Entries taken from a collection:
..........
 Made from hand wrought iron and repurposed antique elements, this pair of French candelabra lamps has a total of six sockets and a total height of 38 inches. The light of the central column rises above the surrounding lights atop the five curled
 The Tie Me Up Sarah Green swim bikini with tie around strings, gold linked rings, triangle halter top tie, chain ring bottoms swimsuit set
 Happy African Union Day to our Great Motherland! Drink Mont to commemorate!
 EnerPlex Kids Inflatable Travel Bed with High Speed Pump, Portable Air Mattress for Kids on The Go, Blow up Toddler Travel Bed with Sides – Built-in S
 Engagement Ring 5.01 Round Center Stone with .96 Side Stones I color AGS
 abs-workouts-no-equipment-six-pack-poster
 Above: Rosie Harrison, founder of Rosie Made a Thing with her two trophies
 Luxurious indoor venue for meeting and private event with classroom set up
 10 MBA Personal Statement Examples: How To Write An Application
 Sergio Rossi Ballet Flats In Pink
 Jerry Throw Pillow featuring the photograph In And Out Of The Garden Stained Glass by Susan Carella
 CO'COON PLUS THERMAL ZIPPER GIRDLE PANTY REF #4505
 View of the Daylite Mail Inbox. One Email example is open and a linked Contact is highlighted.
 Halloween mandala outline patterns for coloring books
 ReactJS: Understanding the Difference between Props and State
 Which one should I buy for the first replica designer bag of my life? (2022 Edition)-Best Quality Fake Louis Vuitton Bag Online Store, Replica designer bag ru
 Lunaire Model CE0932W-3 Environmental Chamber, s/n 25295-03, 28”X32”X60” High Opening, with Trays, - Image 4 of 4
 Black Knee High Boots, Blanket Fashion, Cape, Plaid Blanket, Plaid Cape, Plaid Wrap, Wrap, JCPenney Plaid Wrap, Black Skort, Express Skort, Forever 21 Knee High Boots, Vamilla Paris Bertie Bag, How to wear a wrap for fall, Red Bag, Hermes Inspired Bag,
..........
Exercise objective:
Could you please copy the lines above exactly, beginning at the first and ending at the line that contains "The Tie Me Up"?

Expected output:
 Made from hand wrought iron and repurposed antique elements, this pair of French candelabra lamps has a total of six sockets and a total height of 38 inches. The light of the central column rises above the surrounding lights atop the five curled
 The Tie Me Up Sarah Green swim bikini with tie around strings, gold linked rings, triangle halter top tie, chain ring bottoms swimsuit set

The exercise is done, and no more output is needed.